Pairs
Given an array of integers and a target value, determine the number of pairs of array elements that have a difference equal to the target value.
Example
k=1
arr = [1,2,3,4]
There are three values that differ by k=1: 2-1 = 1, 3-2= 1 and 4-3=1. Return 3.
Function Description
Complete the pairs function below.
pairs has the following parameter(s):
int k: an integer, the target difference
int arr[n]: an array of integers
Returns
int: the number of pairs that satisfy the criterion
Input Format
The first line contains two space-separated integers n and k, the size of arr and the target value.
The second line contains space-separated integers of the array arr.
Sample Input
STDIN Function
—– ——–
5 2 arr[] size n = 5, k =2
1 5 3 4 2 arr = [1, 5, 3, 4, 2]
Sample Output – 3
Explanation
There are 3 pairs of integers in the set with a difference of 2: [5,3], [4,2] and [3,1]. .
Step 1 : – Template Implementation
There are two types of two pointer templates.

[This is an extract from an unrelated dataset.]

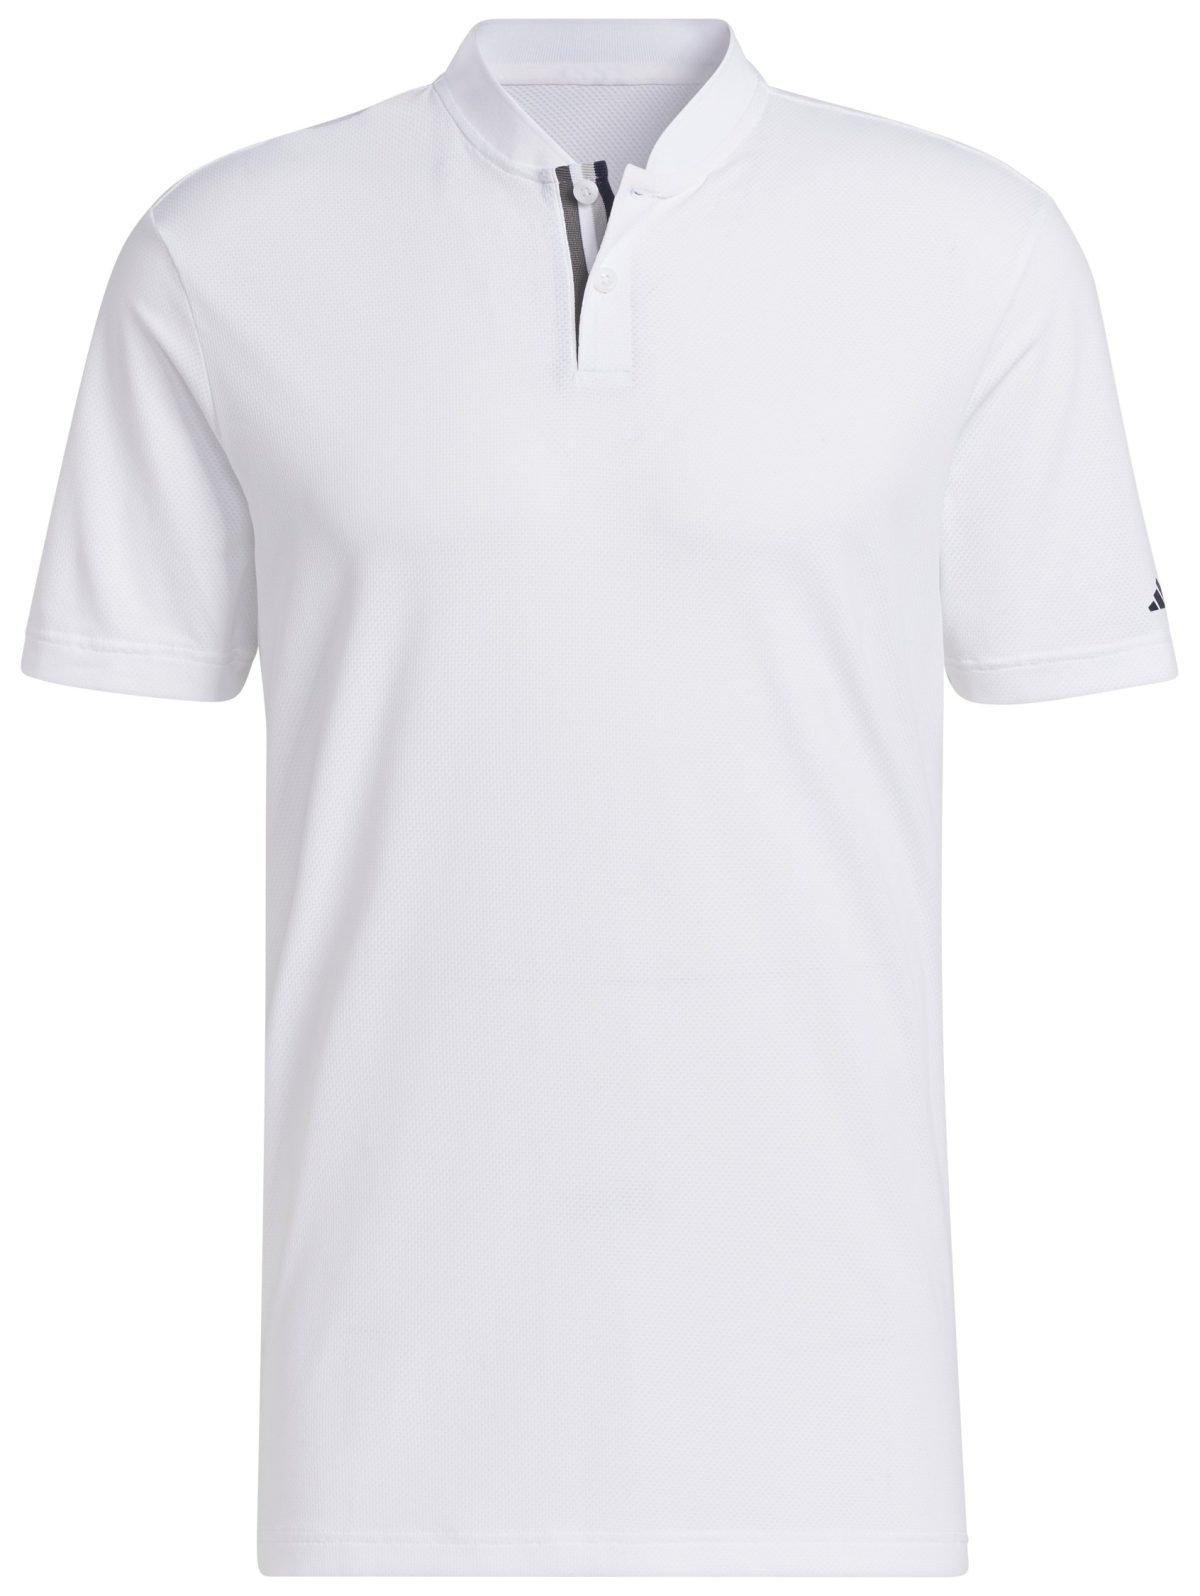 adidas Men's Ultimate365 Tour Golf Polo Shirt, Nylon/Elastane in White, Size M

1). Opposite direction two pointer template
2). Same direction two pointer template
Based on our analysis of the problem statement, we are using the same direction pointers template and as per the approach, we first sort the list using Collections.sort() to ensure that the smallest differences appear between consecutive elements.
class Result {
public static int pairs(int k, List<Integer> arr) {
int count = 0;
Collections.sort(arr);
int left = 0;
int right = 1;
while (right < arr.size()) {
//code
if (param1 == param2) {
//code
left++;
right++;
} else if (param1< param2) {
right++;
} else {
left++;
}
}
return count;
}
}Step 2 : – I/O parameters.
Input Parameters :- To calculate the value of param1, we find the difference between the elements at the right and left indices, i.e., arr.get(right) – arr.get(left).
This difference becomes our param1, and we replace param2 with the target value (k) to compare both and determine whether to move the left or right pointer.
Output parameter :- We need to return the count of all valid pairs from the list whose difference equals the given target value k. Each time we find such a pair, we increment the count.
class Result {
public static int pairs(int k, List<Integer> arr) {
int count = 0;
Collections.sort(arr);
int left = 0;
int right = 1;
while (right < arr.size()) {
int diff = arr.get(right) - arr.get(left);
if (diff == k) {
count++;
left++;
right++;
} else if (diff < k) {
right++;
} else {
left++;
}
}
return count;
}
}Final Code : –
class Result {
public static int pairs(int k, List<Integer> arr) {
int count = 0;
Collections.sort(arr);
int left = 0;
int right = 1;
while (right < arr.size()) {
int diff = arr.get(right) - arr.get(left);
if (diff == k) {
count++;
left++;
right++;
} else if (diff < k) {
right++;
} else {
left++;
}
}
return count;
}
}